Some of the content for this lesson is derived from the Coding Best Practices workshop that was run by ADACS. Additional information and background can be found in the intro lessons of that workshop.

Goal

There are two main goals that we hope to achieve by using containers:

That is: given the same inputs, we want our workflow to produce the same outputs, on any computer, now and forever. Anyone who has tried to run their workflow on multiple computers, upgrade their OS, or help a colleague to use your workflow, will no doubt understand just how hard this is.

DogbertTechSupport

Containers

Containerization is a way to bundle your software in such a way that you no longer have to deal with complex dependency chains, supporting multiple OSs, or software version conflicts. Containers provide a way to package software in an isolated environment which may even have a different operating system from the host.
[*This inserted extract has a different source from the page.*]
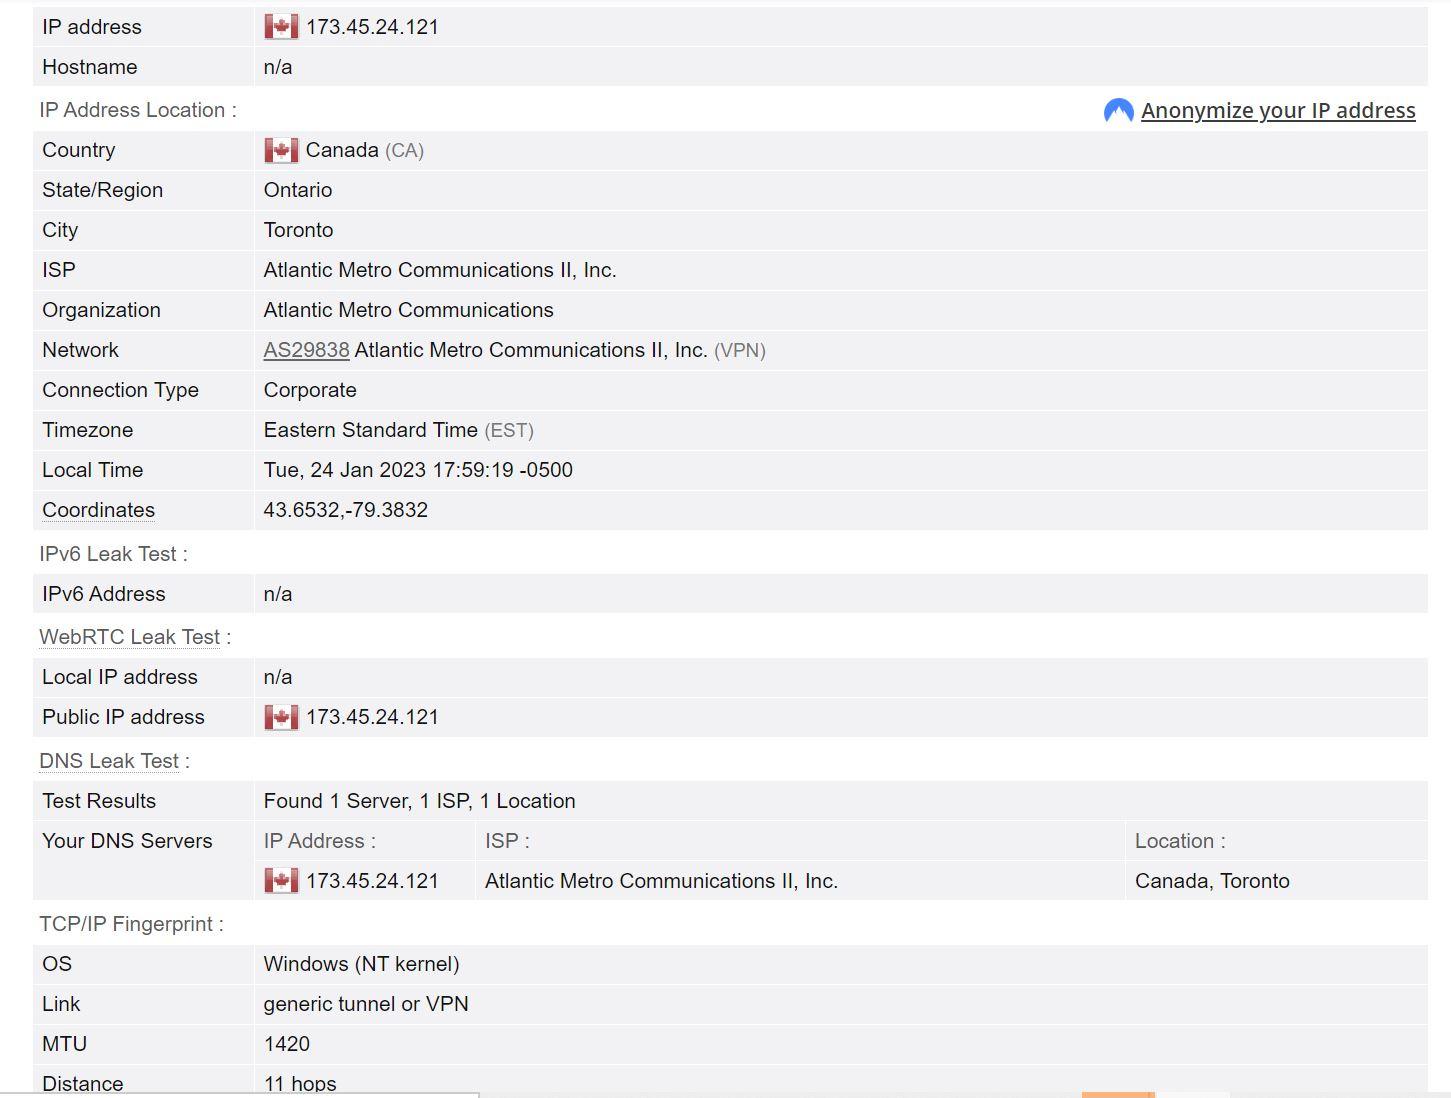 DNS leak test results for TunnelBear VPN from U.S. to Canadian servers.

Containers are different from virtual machines (VMs) in a few key ways. Using a virtual machine is like running your operating system on virtualized (think “simulated”) hardware. A VM will then run a guest operating system on this hardware, and thus needs all of the resources that an OS would need. A VM will additionally contain all the software that you want to run within the guest operating system. A container works by virtualizing the operating system instead of the hardware. Thus a container doesn’t need an entire operating system worth of data/config, but only the software that you want to run within that operating system. A virtual machine will typically persist state/data between runs (for better or worse), whilst a container will not. Each time you run a container you get that new car smell.

The two most popular containerization systems are Singularity/Apptainer and Docker. Docker is primarily used on computers where you have root access such as your laptop/desktop or a compute node in the cloud. HPC facilities will not use Docker as it provides root access to the host system, and instead will use Singularity which does not.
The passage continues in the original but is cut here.